Well, I come in to work tonight with my other 2 soaps, and find she had left it out for the day-time nurses to see.

Now I've been barraged with requests for more flavors.  

What has been your fav place to get the following essential oils.  I realize all oils are not created equal, and a cheaper or pricier oil does not make a better oil.

I'm looking to make the following flavors
-lavender and clary sage
-lemongrass
-tea tree and oatmeal
-patchouli and sweet orange (this one's for me  )

Also, any specific kinds/regions you recommend?  I get kind of intimidated when I go to a site and see lavender from france and bulgaria, 42/40, 32/30; ylang ylang I, II, III and extra, etc., etc.
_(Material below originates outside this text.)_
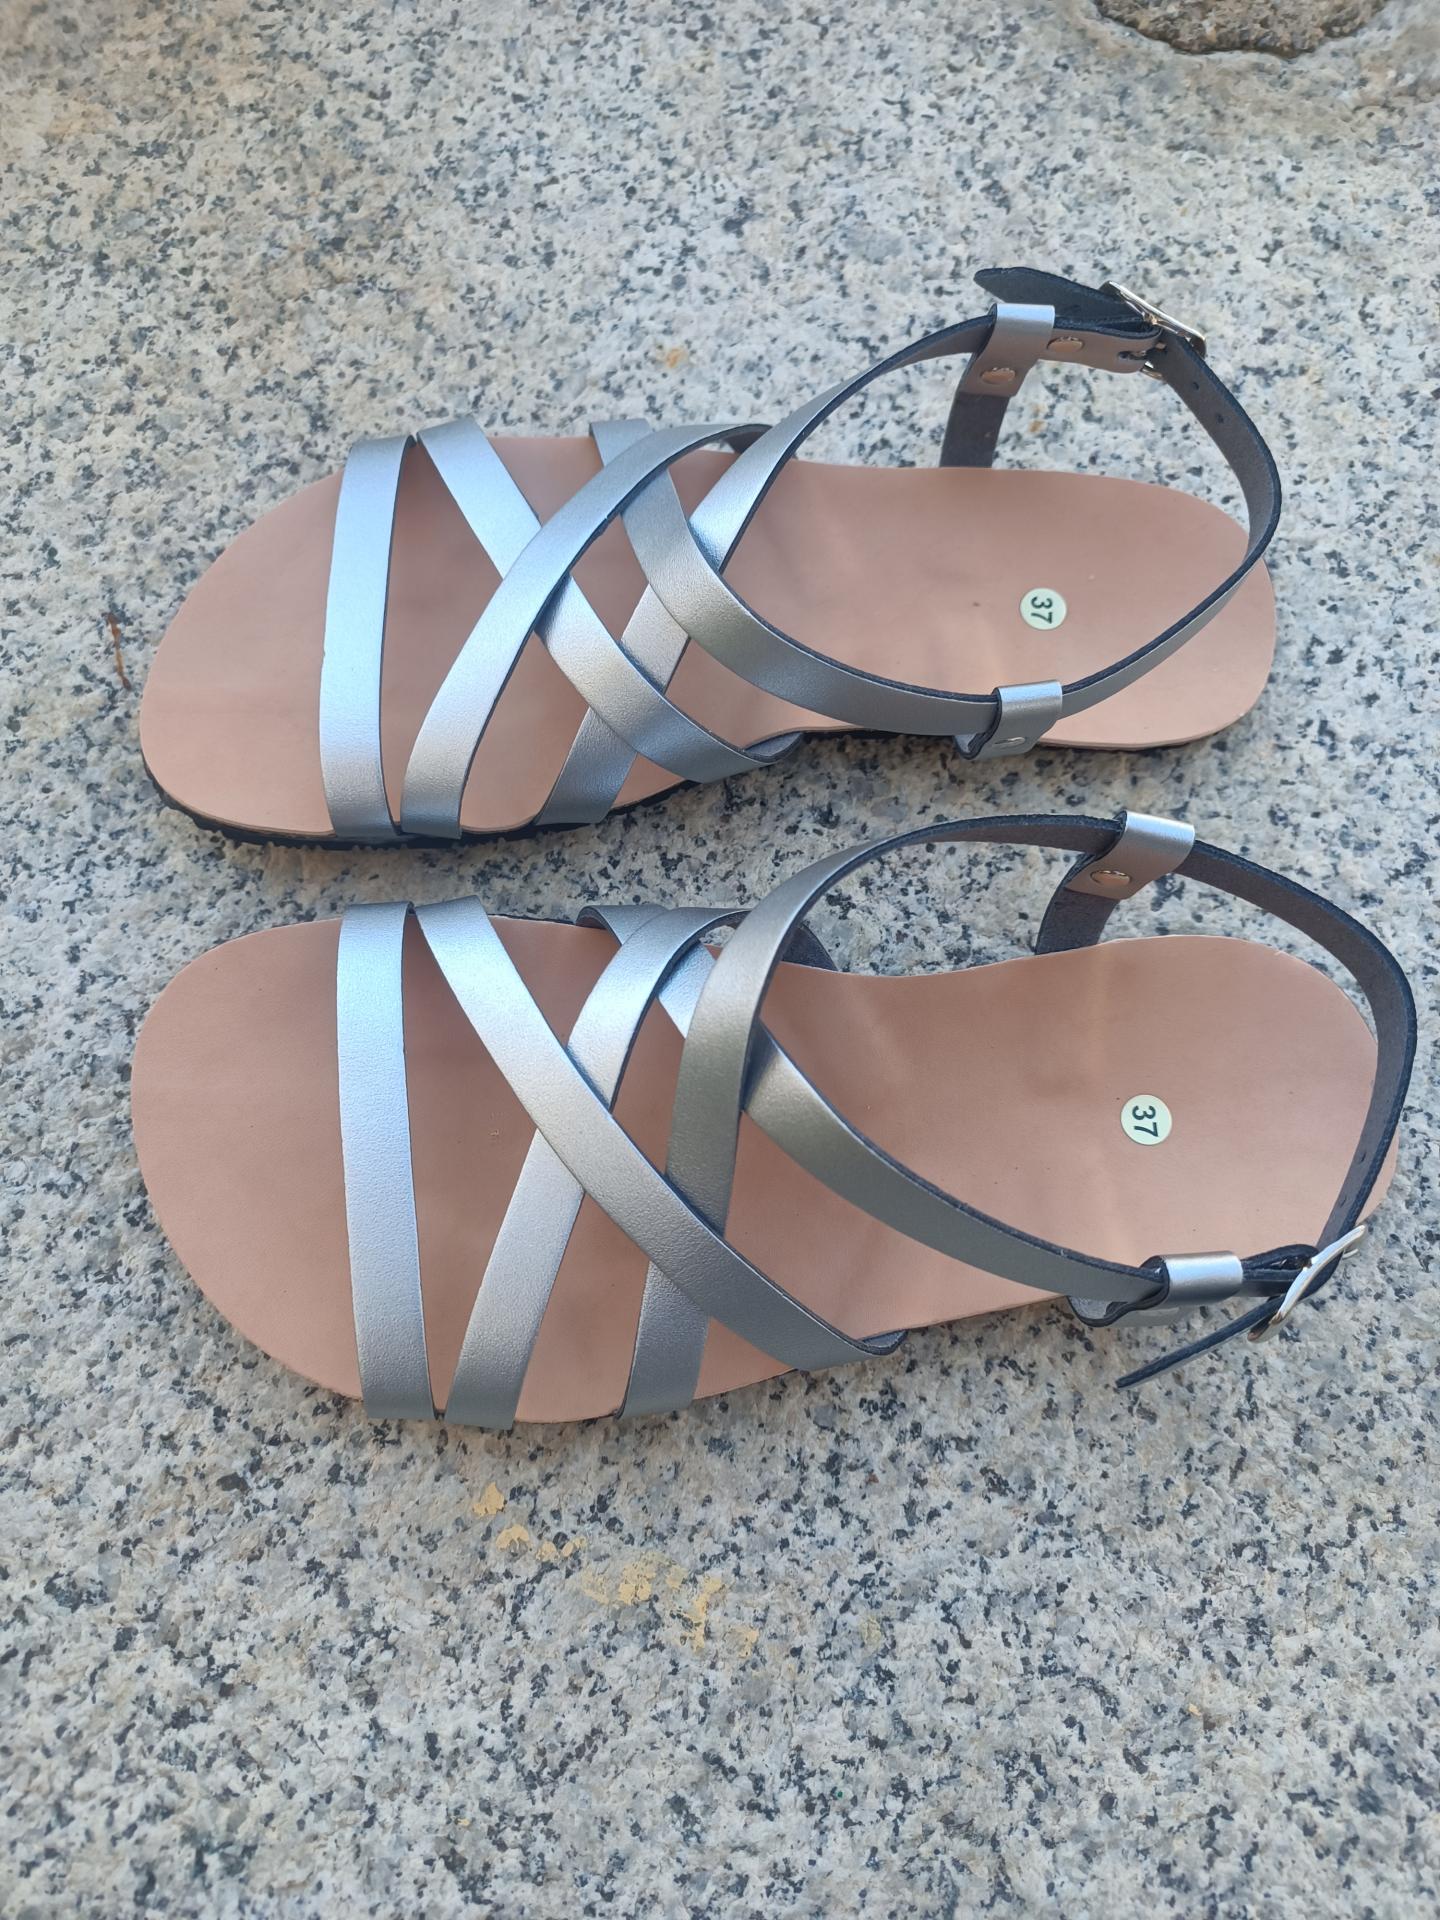 BAREFOOT DELFOS color Plata, sandalias para mujer y hombre, calzado descalzo, sandalias veganas, eco-friendly, barefoot.
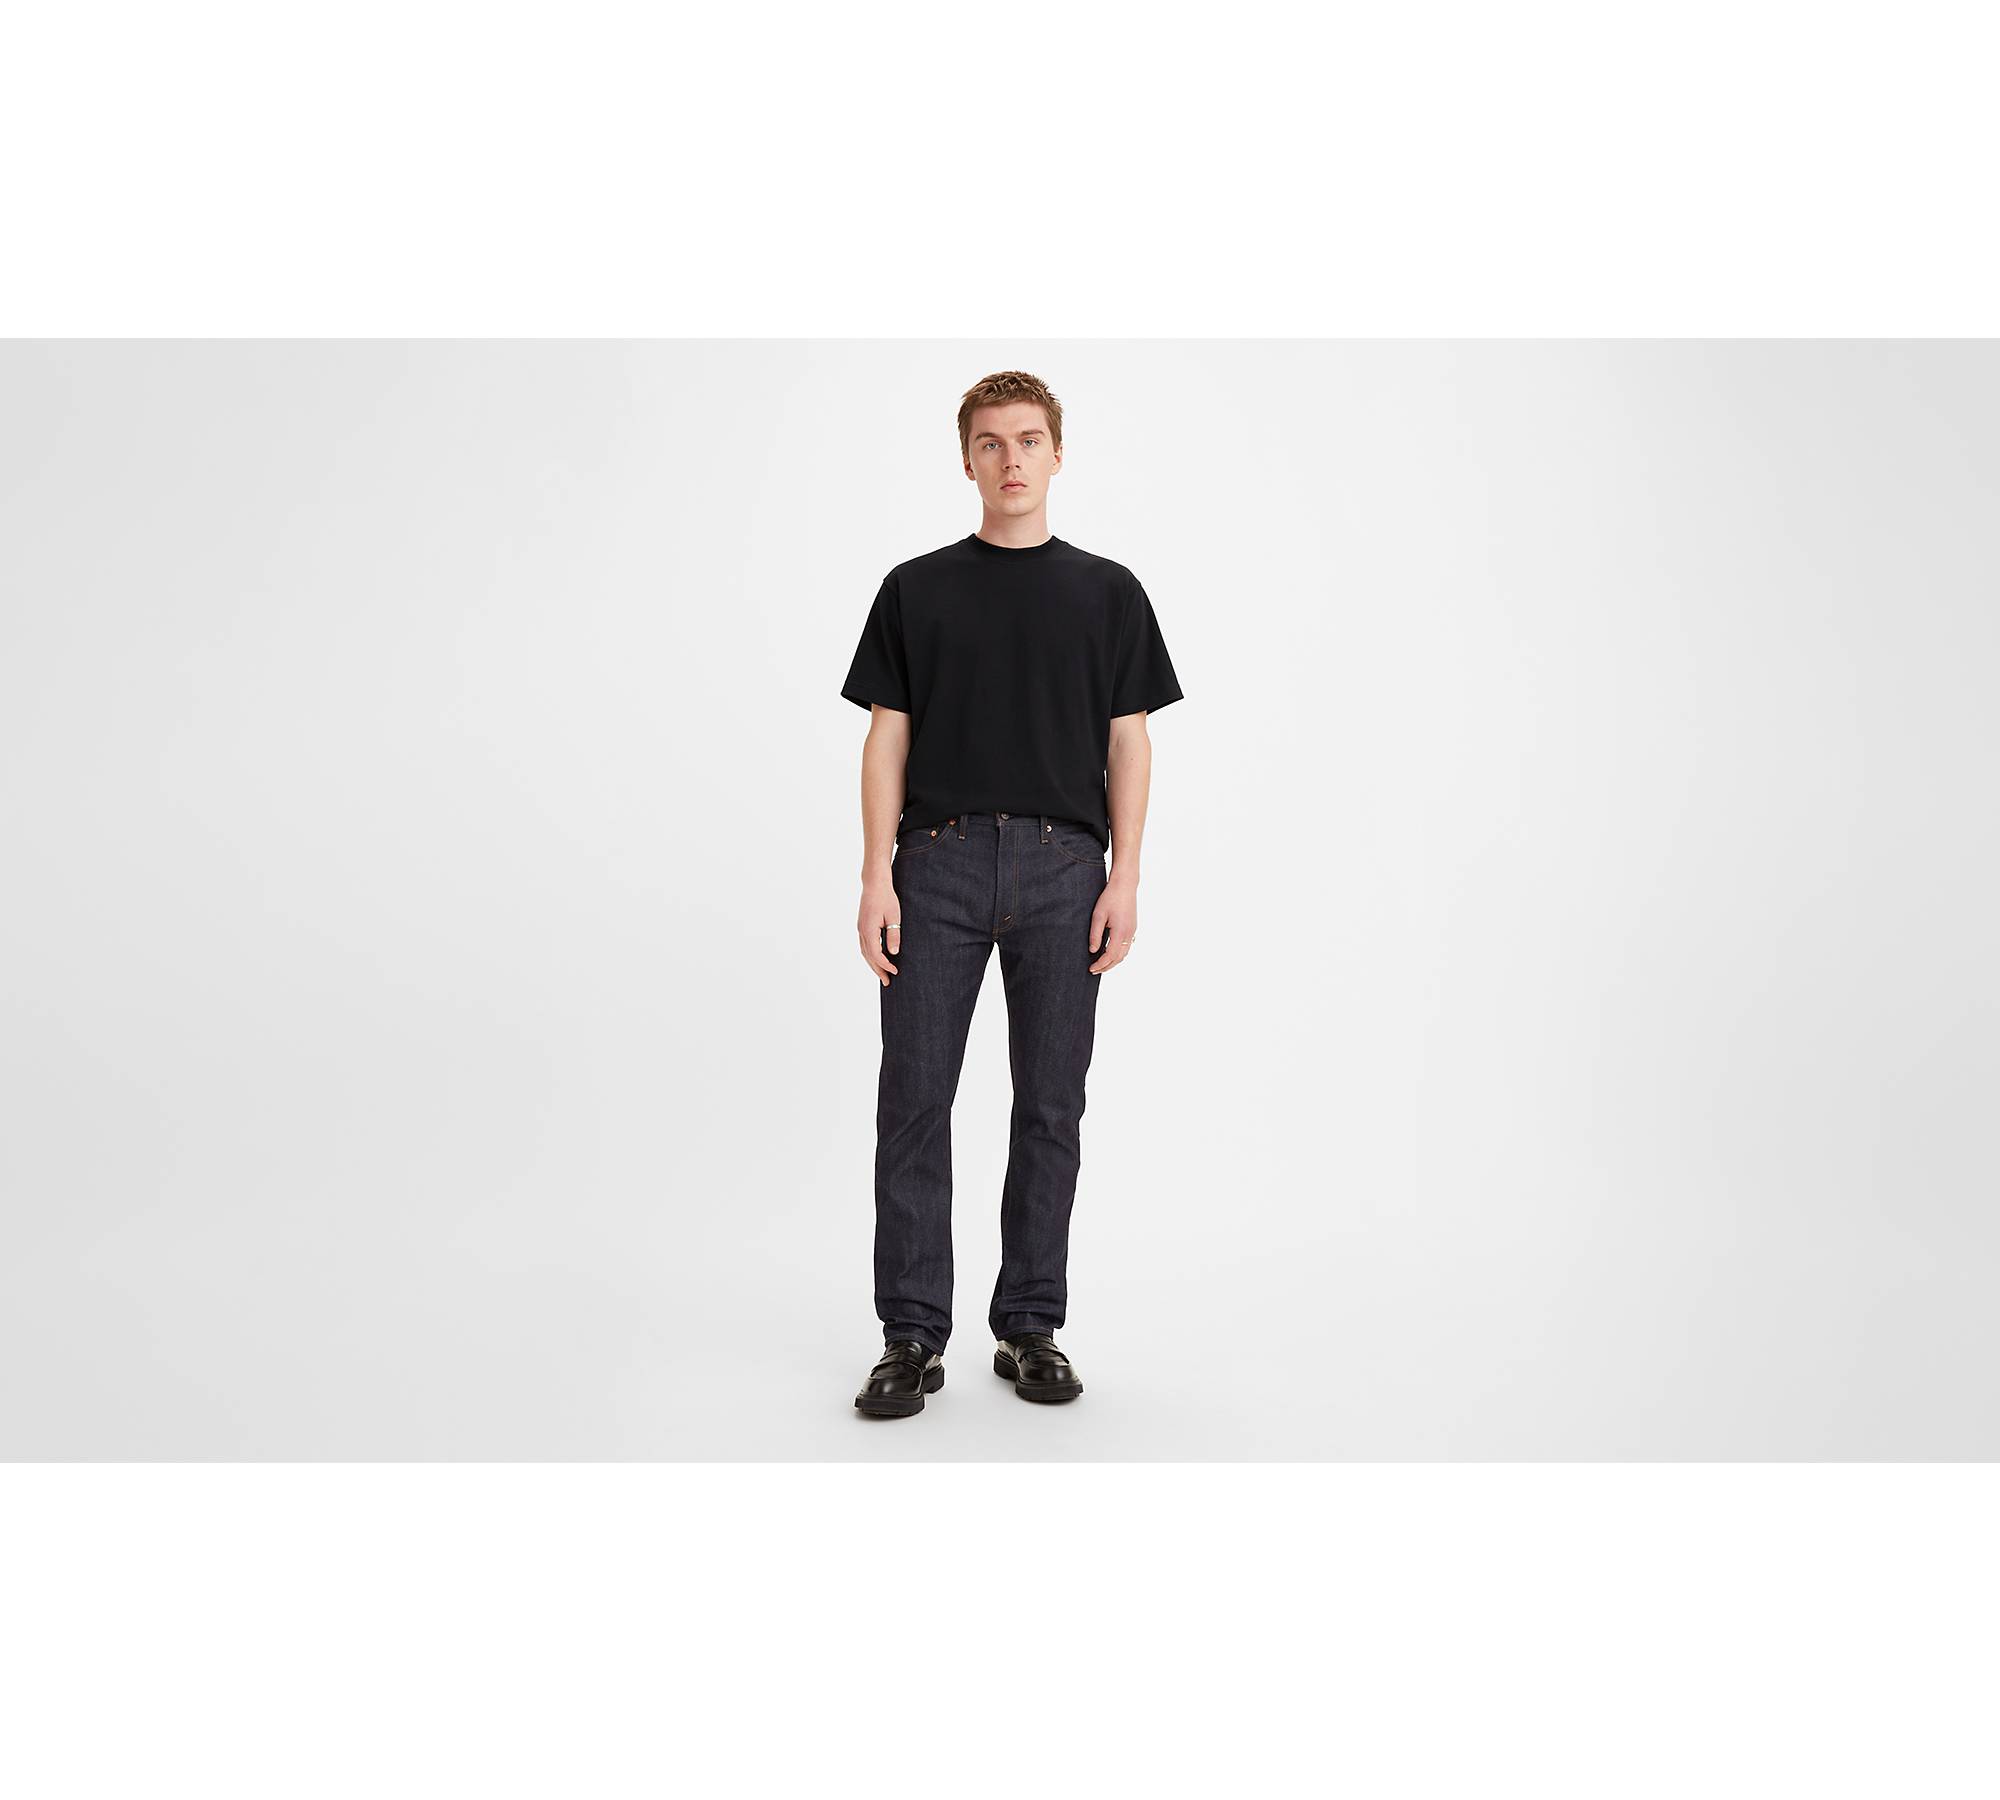 Levi's Men's 505 Regular Fit Jean, Black, 33x30

I don't have a whole lotta dough, and am not looking to charge my friends any more than what I have in the soap, and maybe a little extra to go towards more FO's and EO's.

Maybe I'll ask my uncle where he gets his stuff (inside joke some of you might recall)  lmao


----------



## Saltysteele (Sep 4, 2009)

oh, yeah.  i'd like to get some of one of the ylang ylang's, as well

i believe it was Heartsong who suggested liberty natural, and i was hoping for some more suggestions too.

thanks


----------



## carebear (Sep 5, 2009)

I generally get the basic EOs from New Directions.  If I'm going a bit farther afield (looking for, say, plai or ravensera) I go to Essential Oils University.

New Directions is my fave.


----------



## Guest (Sep 5, 2009)

I like  the WSP  eo's they have a great learning library and good quality . Fast shipping and superb communication .

http://www.wholesalesuppliesplus.com/Fr ... lOils.aspx

Kitn


----------



## Guest (Sep 5, 2009)

Good for you saltysteele! I was given some wonderful scents from www.kycandlewaxsupply.com and I can honestly tell you that they are wonderful and soap friendly. I just did a grape lemonade with muscadine grape and lemon twist, awesome is all I can say. I highly reccomend you take a look at their scents, pretty reasonable too. 
PS: you could ask you Uncle, LMAO


----------



## Saltysteele (Sep 5, 2009)

thanks, guys!!  (or gals)  

grape and lemon sounds good!  i might have a hard time not eating that one  

i found the prices on the oils from several different places, and patchouli seems to range in price the most.  from twenty something for 1/2 oz, to 4 oz for like 12 bucks (trying to keep same grade in pricing).

ylang ylang is even worse!


----------



## lovetosoap (Sep 6, 2009)

http://www.auracacia.com/dspCatTxt.php? ... ra%20Cacia

Here is where I get my essential oils.


----------



## carebear (Sep 6, 2009)

I buy in larger amounts than that and usually from New Directions Aromatics.


----------